We are to take a responsible attitude to our individual giving.  We are to aim high.  The Church of England benchmark for giving to and through the Church is 5% of our income.  As a Diocese we average 4.4% at the moment.  We need to aim higher.  Let’s be the first diocese to reach that target.  That will mean many of us hearing the call to give more than 5% for the sake of ministry and mission in our generation.  I hope I don’t need to say this but the call to give financially applies to clergy households as well as to lay households.  It is a call we all share.   There needs to be in every parish, every year, some kind of focus and challenge on money and giving and the opportunity for people to review what they give.

We are to take a responsible attitude together to our giving for the support of stipendiary ministry.  Stipendiary ministry is a precious resource.  It is a vital resource.  It is also a demanding resource to finance.  We are doing all we can as a diocese to distribute our resource of stipendiary ministry wisely and fairly across the diocese and to use our stipendiary ministers in a different way which will lead and is beginning to lead to the growth of the church in this region.  But to do that we need every parish to be responsible in its own gift of parish share: to make the payment of parish share a first priority on your budget, to meet commitments already made, to give regularly.

There are spiritual consequences to our giving because that giving is a measure of our priorities, of our own generosity, of the ordering of our lives. Churches can be generous or selfish just as individuals can.  That selfishness needs to be addressed as the spiritual problem it is.

“Remember this”, writes Paul.  “the one who sows sparingly will also reap sparingly and the one who sows bountifully will also reap bountifully.  Each one of you must give as you have made up your mind, not reluctantly or under compulsion, for God loves a cheerful giver” (2 Corinthians 9.6).

And we need to be responsible in the household of God for the way in which we invest the money of God’s people.  Last year we reviewed our future plans for parochial ministry and stipendiary ministry in order to ensure the diocese is sustainable and is able by the grace of God to grow in every place.  We have a clear vision and strategy.  This year we are reviewing our central support services and our spending there to ensure it serves the vision and that nothing is wasted.  We need both to invest and to give responsibly.  That is a challenge for the Church in this financial climate as it is a challenge for every other organization.
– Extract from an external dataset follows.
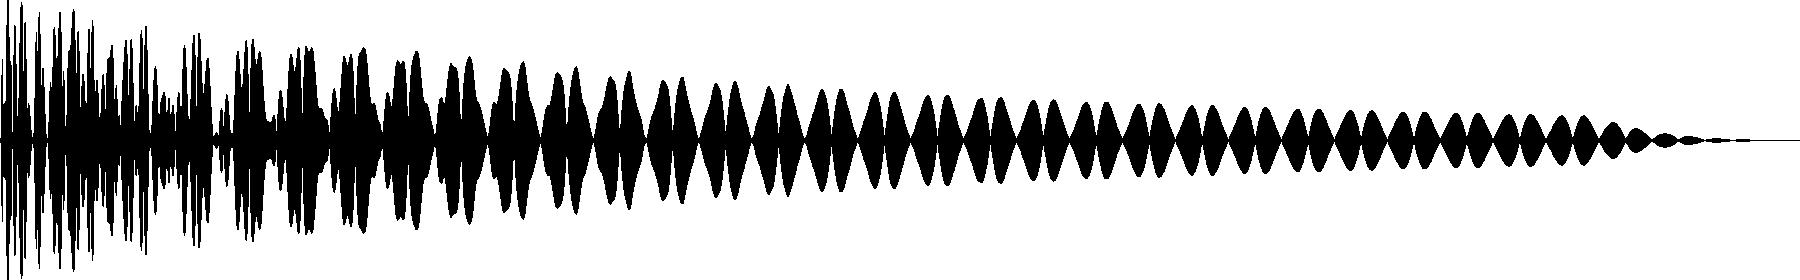 vedh bass cut 008 g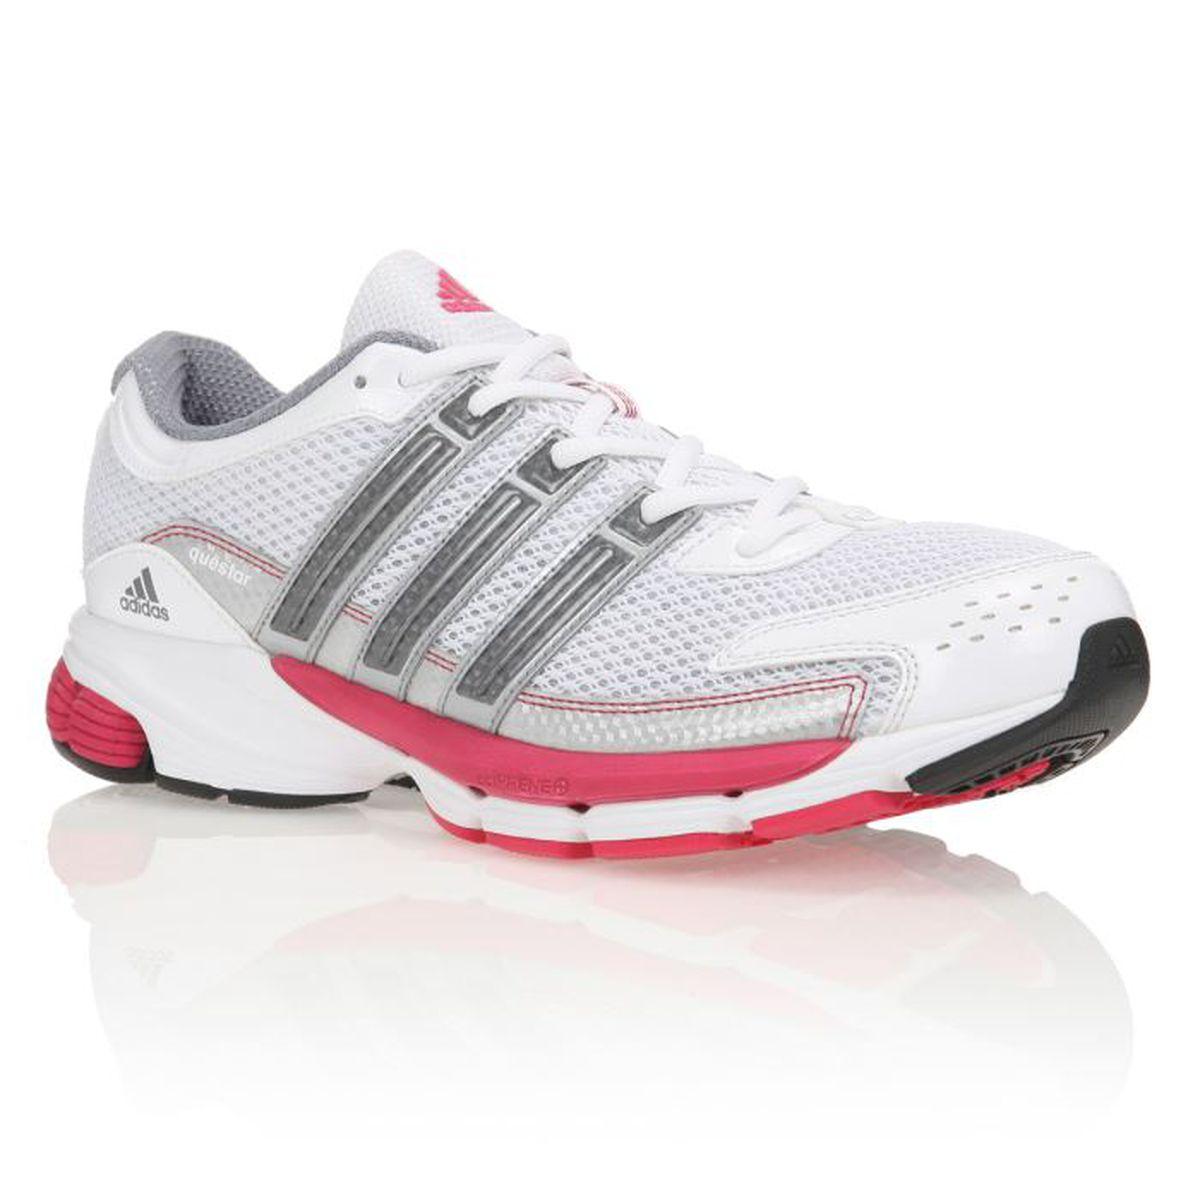 ADIDAS Chaussures de running Questar Cushion Femme Prix

But as we exercise that responsibility this morning and in conversations across the Diocese this year, we need to be sure that our hearts and minds are filled, first and foremost, with the grace and love and generosity of the God who calls us together.  Only by focusing on God’s grace and love will we see our hearts and lives converted more deeply, our parishes converted more deeply and our region converted more deeply to follow Jesus Christ our Lord and Saviour, who gave everything for us. Amen.